Transcriptomic profiles in peripheral blood between women with unexplained recurrent implantation failure and recurrent miscarriage and the correlation with endometrium: A pilot study.

AIM: To study the transcriptome profiles in the blood of recurrent implantation failure (RIF), recurrent miscarriage (RM) and fertile women during the window of implantation, and further analysis the correlation of transcriptome profiles between blood and endometrium.
METHODS: This is an observational prospective study. In total 9 subjects were recruited, 3 RIF, 3 RM, and 3 controls. Paired samples (endometrium and peripheral blood) from the same subjects were precisely timed on the 7th days after luteal hormone surge (LH+7). RNA sequencing was applied to investigate the transcriptome profiles.
RESULTS: The results of transcriptome in peripheral blood cannot be used to characterize women with RIF and unexplained RM. There was a medium level correlation between transcriptome in peripheral blood and endometrium during the window of implantation.
CONCLUSION: The differential transcriptome patterns in blood are not representative of those in endometrium, and the blood transcriptome cannot differentiate among the women with RIF, RM or fertile.

Introduction

The endometrium becomes receptive to the embryo only in the mid-luteal phase, but not in other stages of the menstrual cycle, and it has been considered as the initial critical stage of implantation. The specific time when the endometrium becomes receptive to the embryo is often referred to as the window of implantation (WOI). Implantation failure is considered to be an important cause of infertility, whereas defective implantation may lead to miscarriage, either sporadic or recurrent [1, 2]. In clinical practice, endometrial receptivity may be investigated by morphological, immune-histochemical or genomic study of a biopsy specimen [3] but the biopsy procedure itself may disturb the implantation process and cannot be carried out, for ethical reasons, in cycles when conception may take place. Non-invasive approaches such as ultrasonographic measurement of endometrial thickness and blood flow are of limited use [4] and provide very little information on the very rapid biological changes occurring in endometrium at this specific time. To achieve a breakthrough in the understanding of the complex processes involved in human implantation requires the development of a non-invasive method which can be repeated serially but which can accurately reflect the physiological changes in the endometrium.
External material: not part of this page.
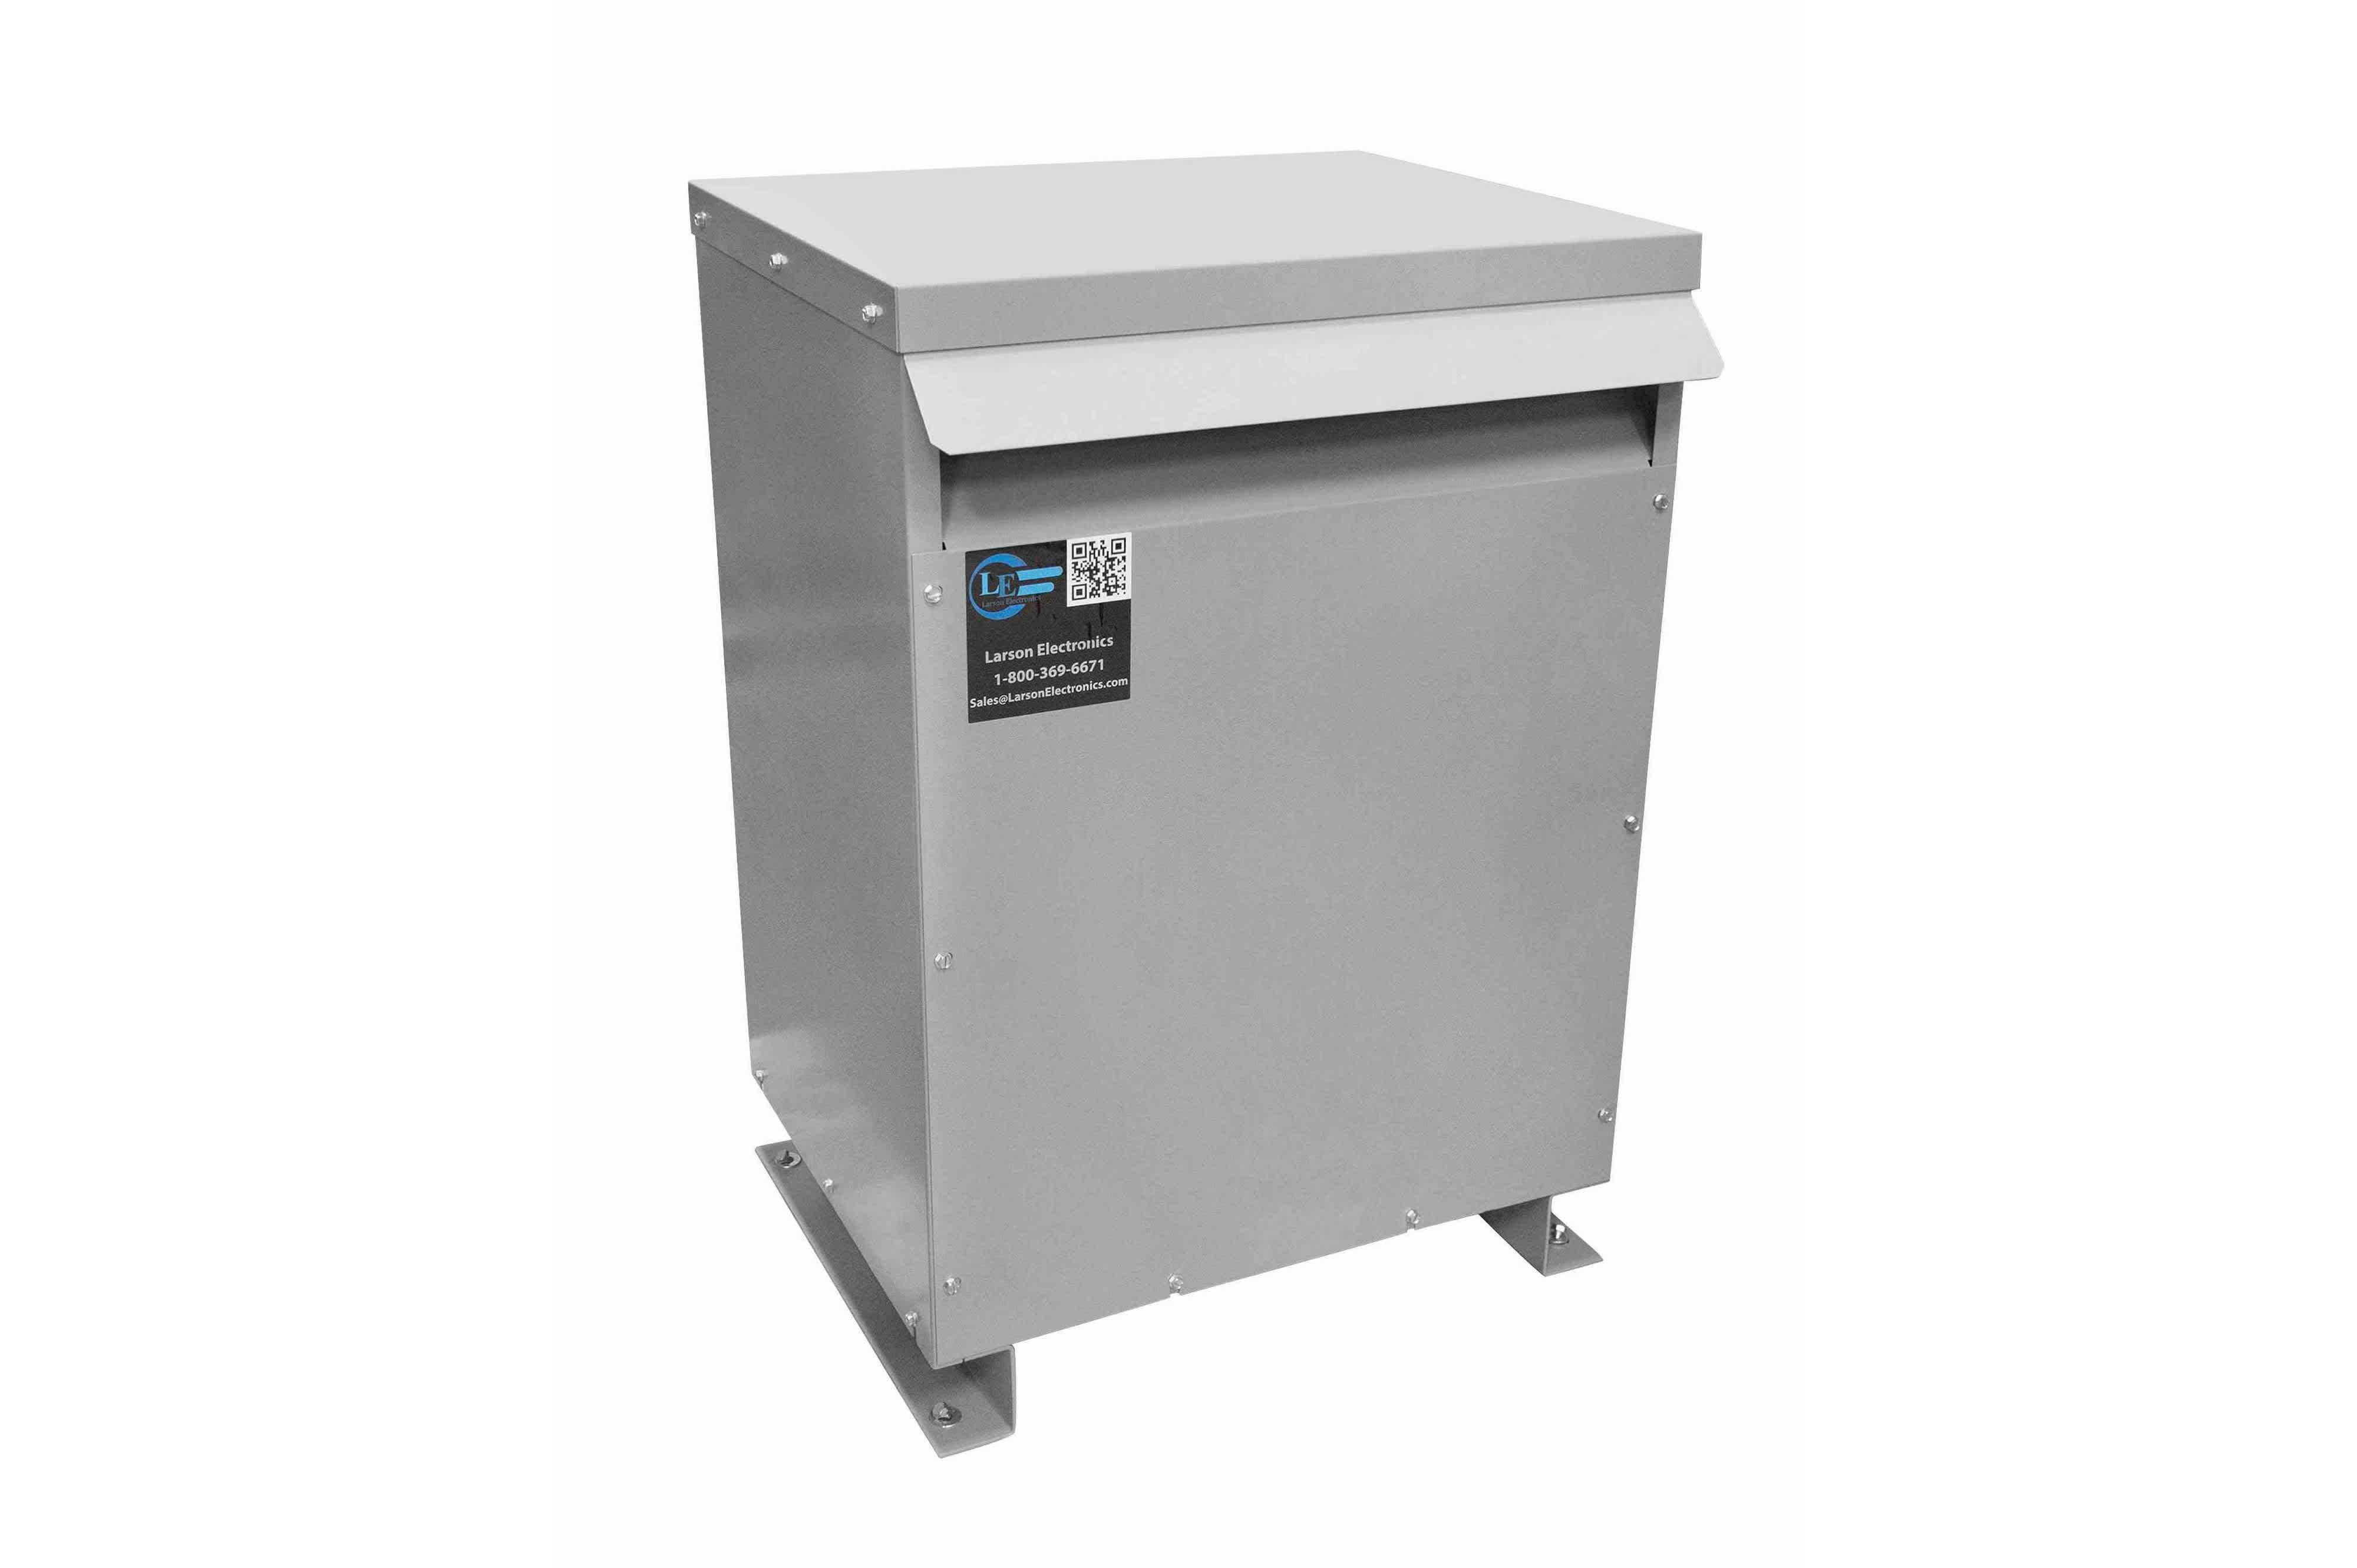 150 kVA 3PH Isolation Transformer, 480V Wye Primary, 240V/120 Delta Secondary, N3R, Ventilated, 60 Hz

Peripheral blood, a heated target for liquid biopsy, contains proteins, DNAs and RNAs from various sources of cells, which could provide a special window to measure specific information for organs required monitoring [5, 6]. Transcriptomic study using micro-array or RNA sequencing enables the simultaneous study of most of the genes involved in the implantation process. Several studies have used this approach to examine the endometrium in the peri-implantation period of women with recurrent implantation failure (RIF) [7-9] or recurrent miscarriage (RM) [10, 11]. Our previous study has found different pathway regulations between RIF and RM [12]. Furthermore, whole blood transcriptome studies could reveal other physical changes of human body, like blood pressure [13], pre-term labor [14], or immune response [15]. However, none of the earlier studies applied this technique to compare and correlate the transcriptome profiles of endometrium and peripheral blood and examine the potential usefulness of transcriptome study of peripheral blood to characterize different groups of women with reproductive failure.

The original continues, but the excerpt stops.